*What you should do:*
The expected output is every line of the data exactly as shown, minus the images.

*Given information:*

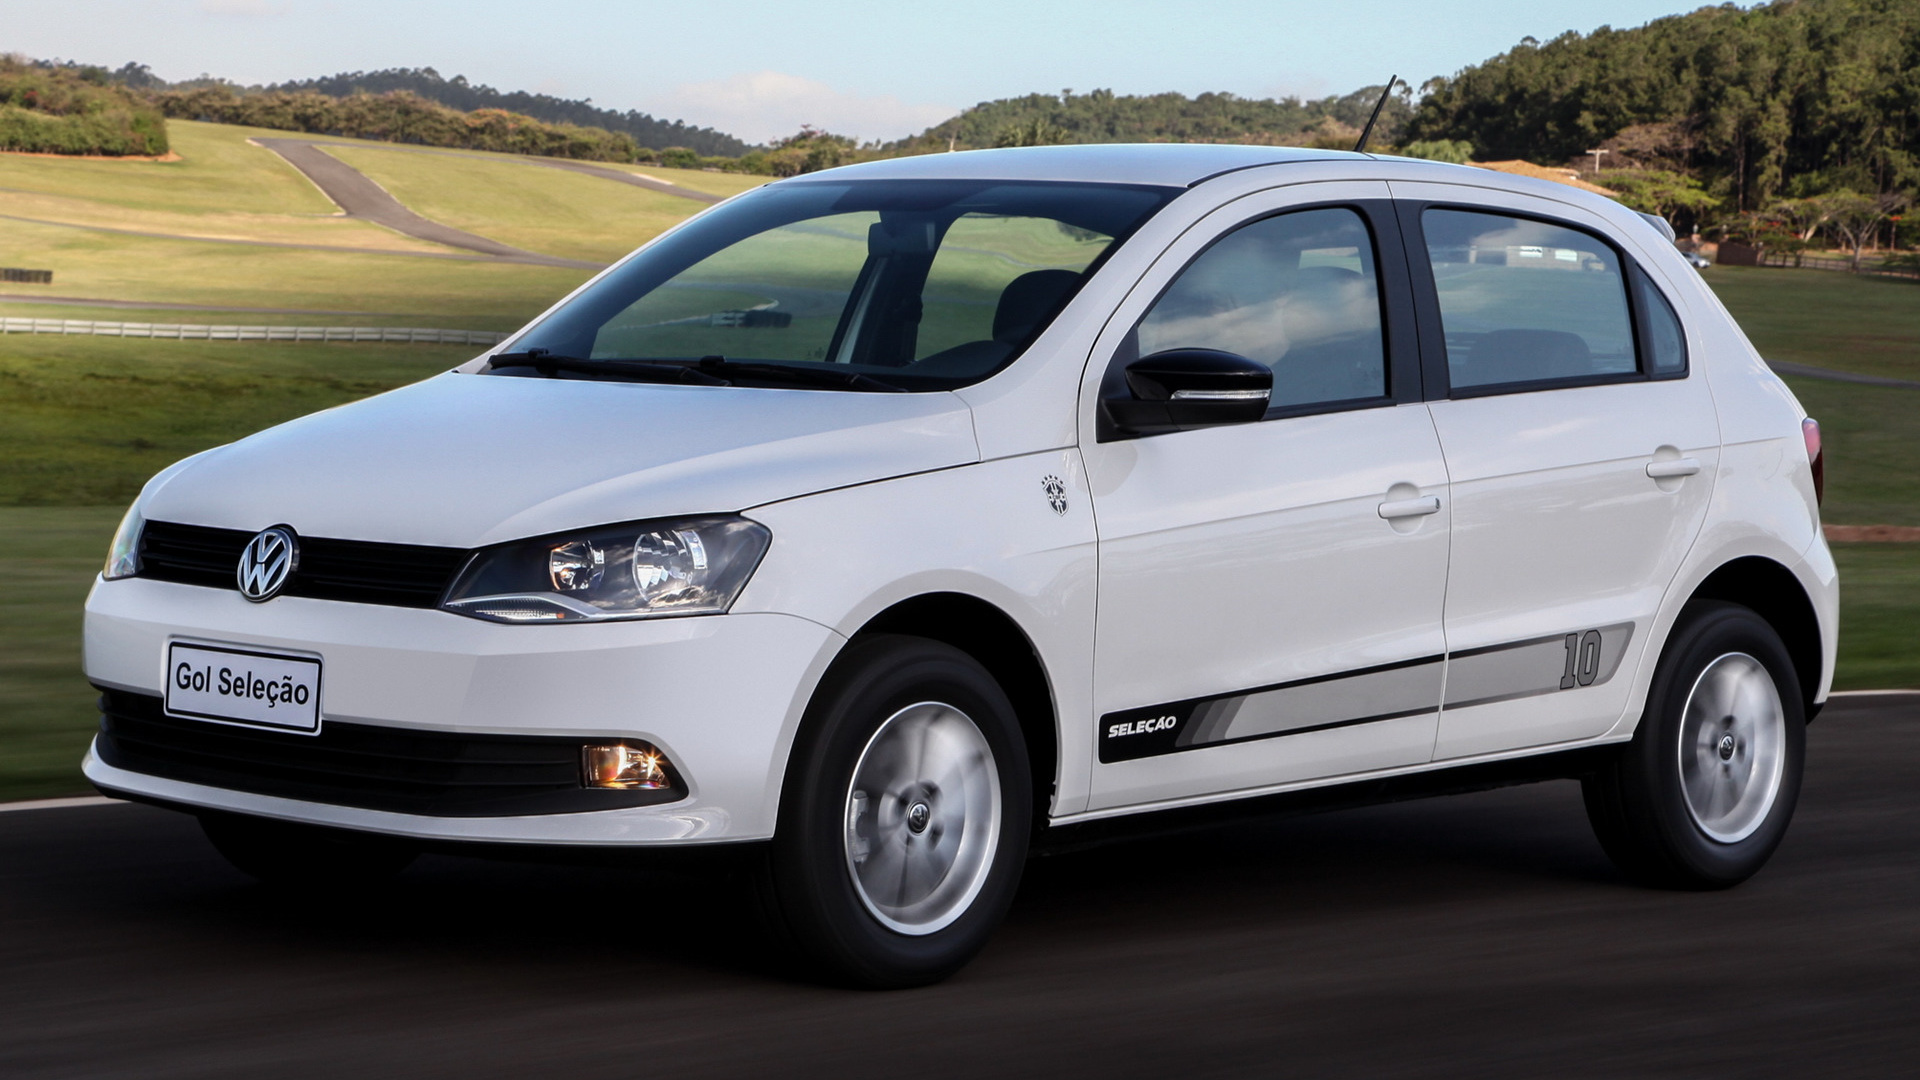 2013 Volkswagen Gol Selecao 5-door - Wallpapers and HD Images | Car Pixel
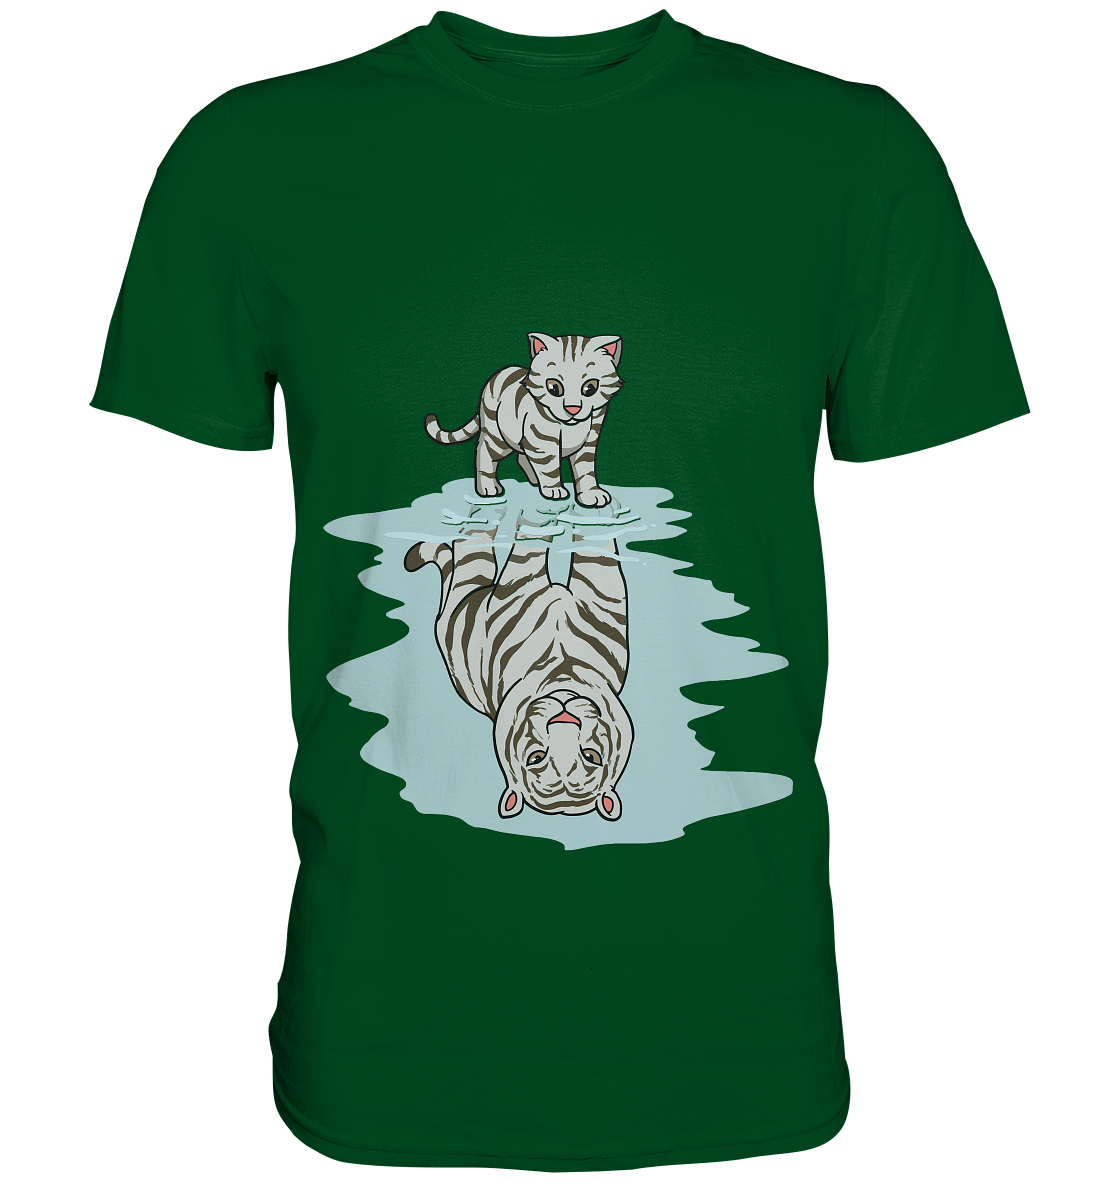 Katze und Tiger - das wahre ich im Spiegelbild einer Pfütze - Premium Shirt
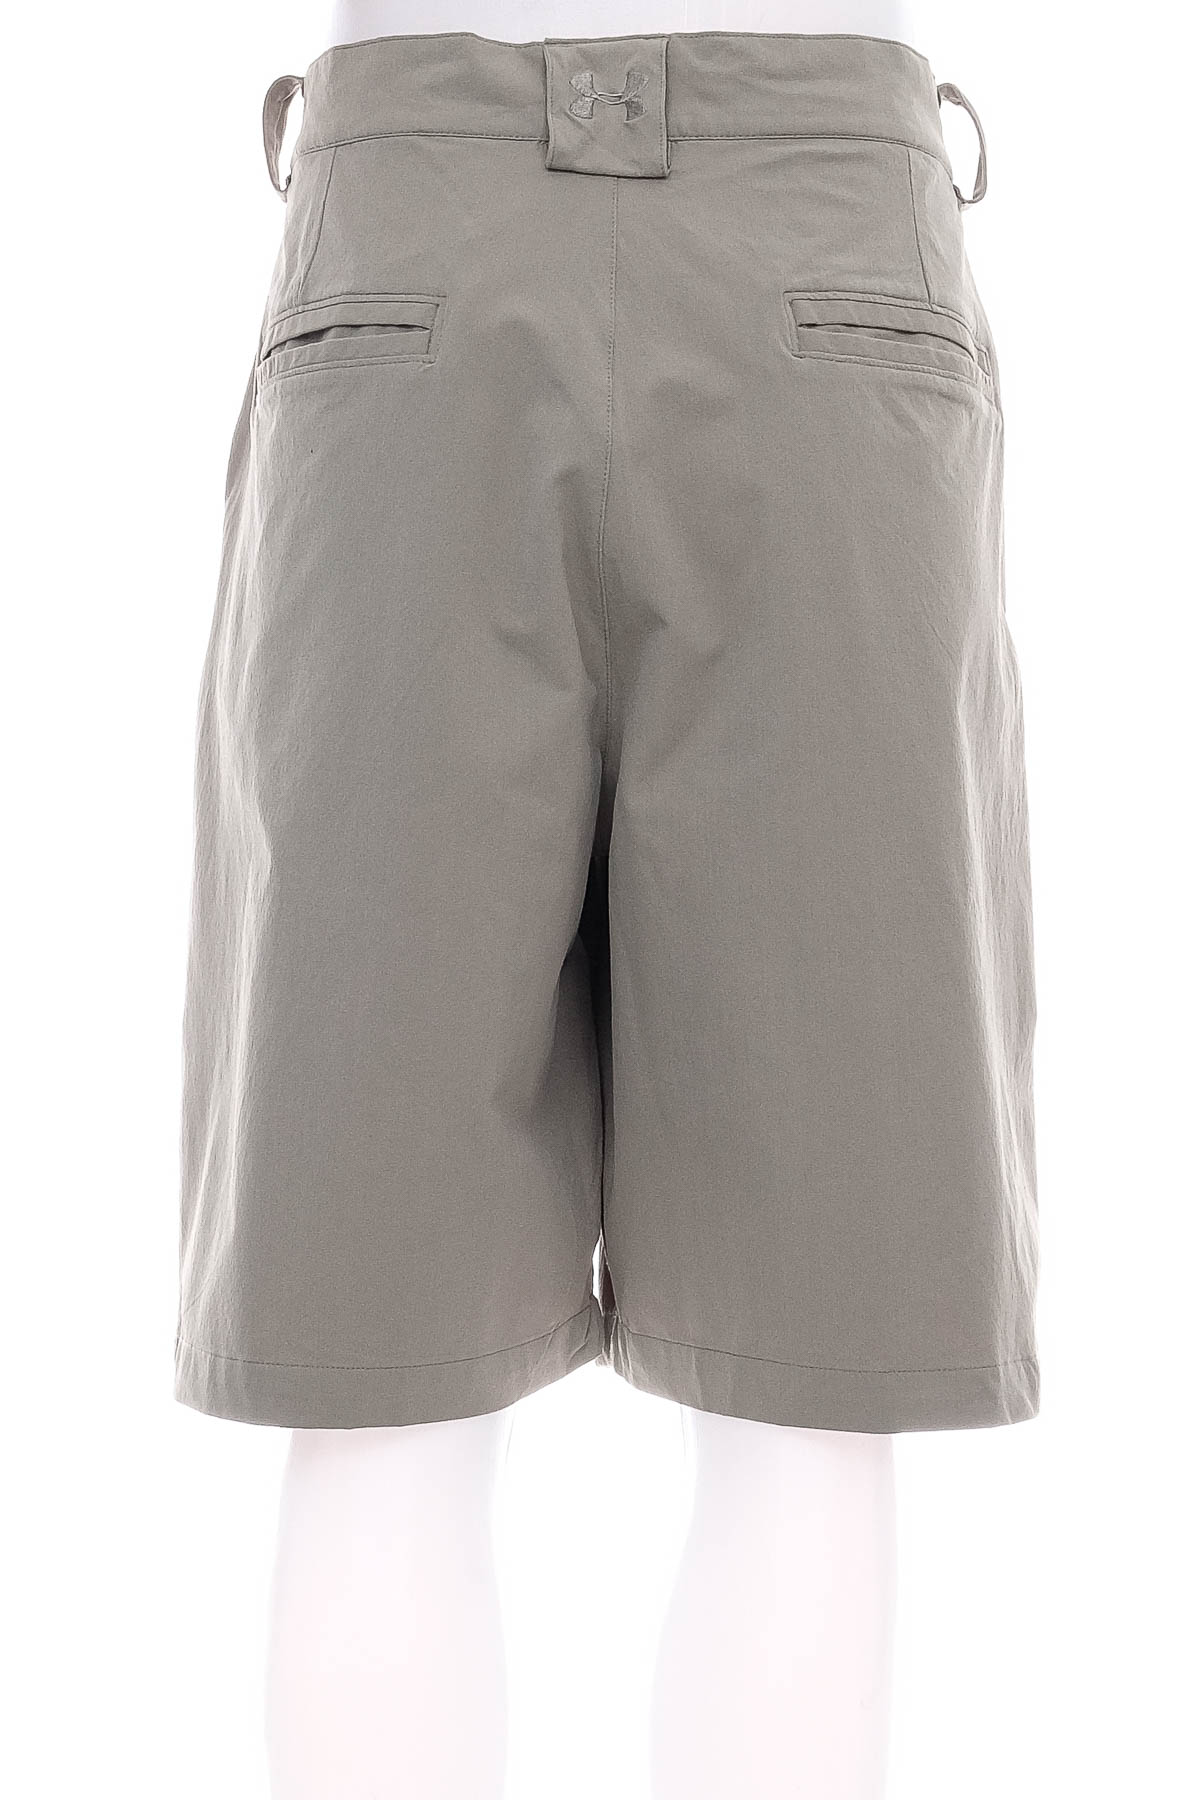 Pantaloni scurți bărbați - UNDER ARMOUR - 1

*Exercise response:*
 2013 Volkswagen Gol Selecao 5-door - Wallpapers and HD Images | Car Pixel
 Katze und Tiger - das wahre ich im Spiegelbild einer Pfütze - Premium Shirt
 Pantaloni scurți bărbați - UNDER ARMOUR - 1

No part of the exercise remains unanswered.